Objectives: Ciprofloxacin (CIP) and doxorubicin (DOX) are both substrates of the Multidrug Resistance-related Proteins efflux transporters (MRP), a subfamily of the ATP-Binding Cassette transporters (ABC) in eukaryotic cells. This contributes to a reduction of their cellular accumulation, and, therefore, of their intracellular activity (Int J Cancer. 2001;93:107-13; J Antimicrob Chemother. 2003;51:1167-73). Our objective was to determine whether CIP and DOX could share the same MRP transporter in macrophages since this could be the basis of potential, unanticipated drug interactions in cancer patients receiving both drugs either simultaneously (by direct competition for transport) or in succession (trough drug-induced overexpression of the transporter).
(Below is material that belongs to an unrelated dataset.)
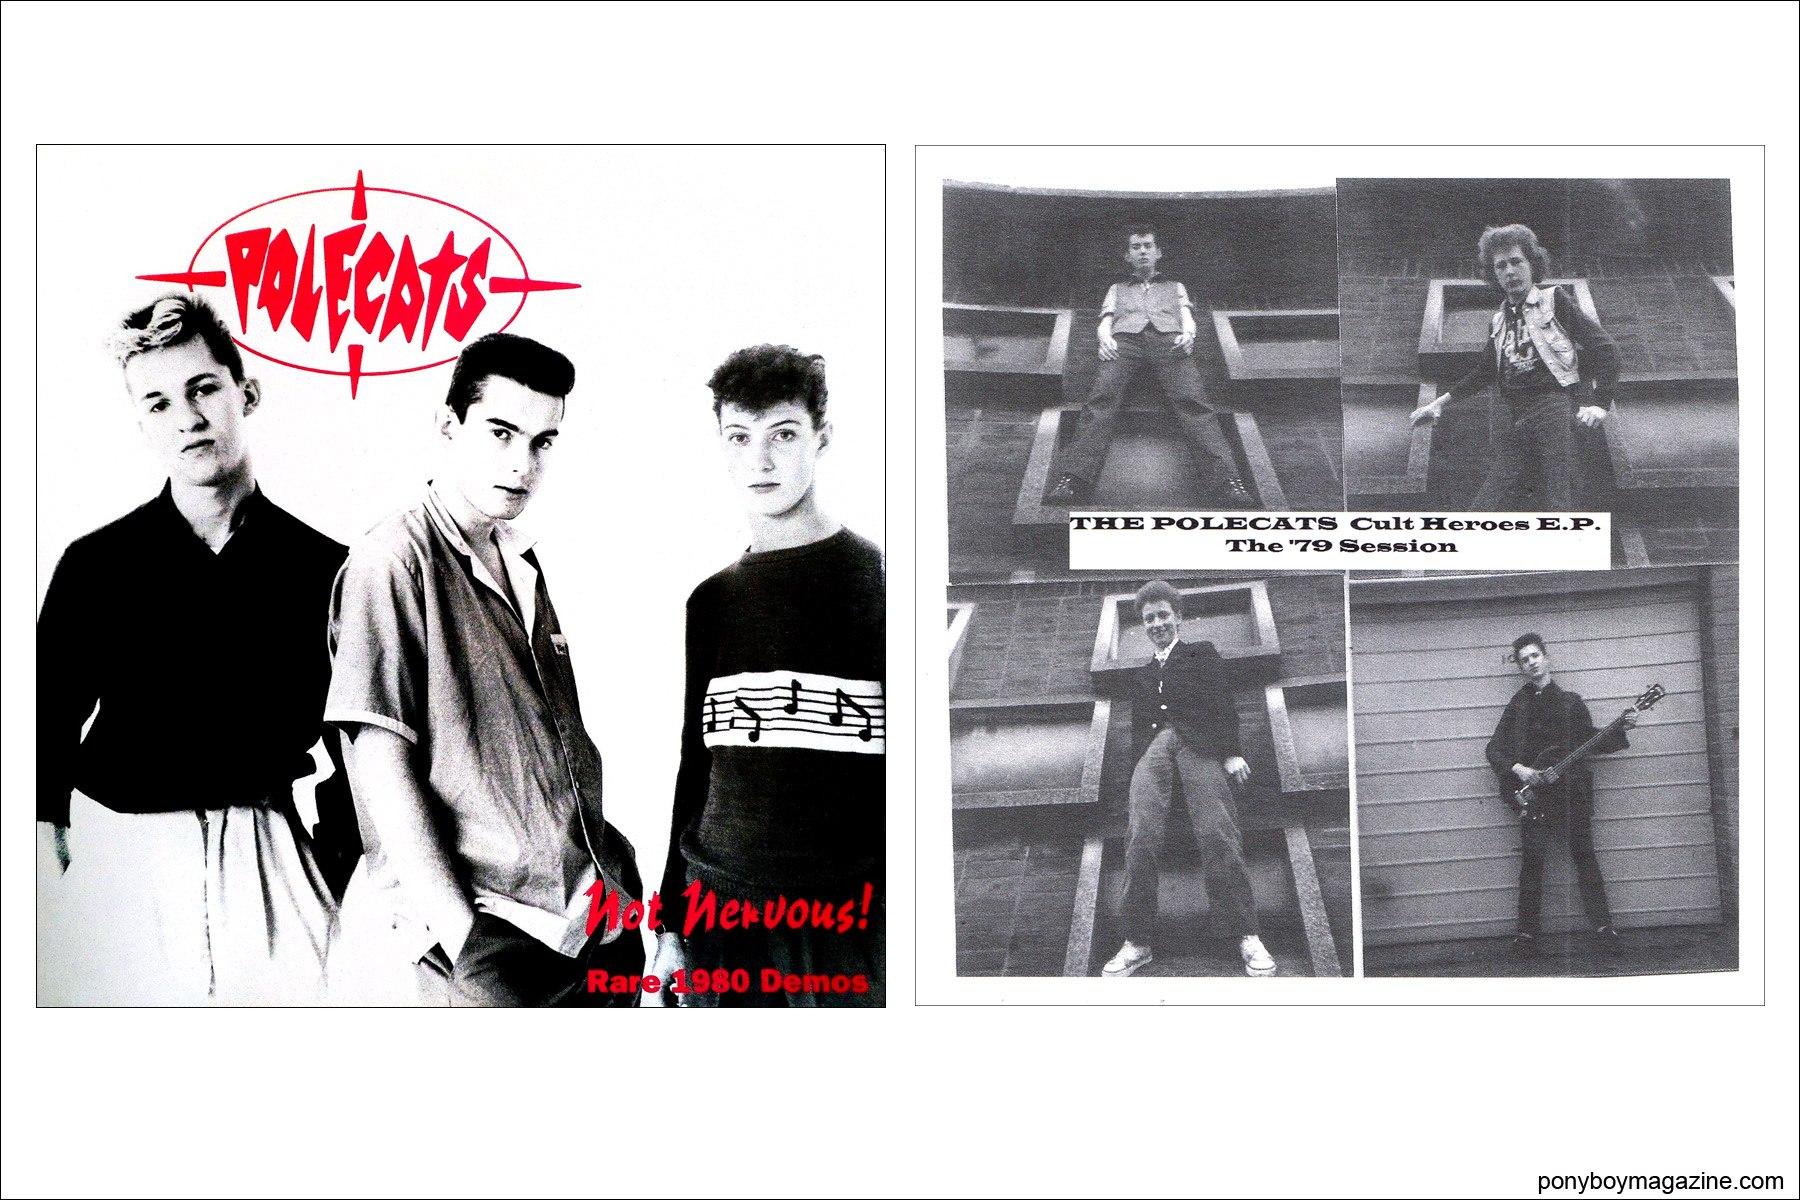 Record covers for UK neo-rockabilly sensation Polecats. Ponyboy Magazine NY.

Methods: We used J774 macrophages, a cell line that spontaneously expel CIP (Antimicrob Agents Chemother. 2004;48:2673-82; wild-type cells) and a cell line derived thereof by continuous exposure to CIP (CIP-resistant cells) and which overexpresses the corresponding MRP transporter (Antimicrob Agents Chemother. 2006;50:1689-95). Cells were incubated with CIP or DOX alone, or in competition with each other, or in the presence of probenecid (PB), a non-specific inhibitor of MRP transporters. Cell-associated CIP and DOX were measured by fluorimetry and their accumulation recorded as cellular to extracellular concentration ratios (Cc/Ce). Results: In wild-type cells, (i) PB increased both CIP and DOX Cc/Ce but not to the same extent; (ii) excess of CIP but not of DOX caused an increase in CIP Cc/Ce; (iii) excess of DOX had no effect on CIP and only a marginal effect on DOX Cc/Ce. In CIP-resistant cells, accumulation of CIP was markedly reduced compared to wild-type cells (and only partially restored by PB), but not that of DOX (with PB exerting a similar effect to that observed in wild-type cells). Conclusions: CIP and DOX are substrates of distinct MRP efflux transporters in J774 cells. Drug interactions related to competition for transport or overexpression of CIP transporter are, therefore, unlikely. AIMS OF THE STUDY To compare the cellular accumulation of ciprofloxacin and doxorubicin in wild-type macrophages and in ciprofloxacin-resistant macrophages, which overexpress the ciprofloxacin MRP transporter. To examine whether these two drugs compete for a same MRP transporter in these two cell lines.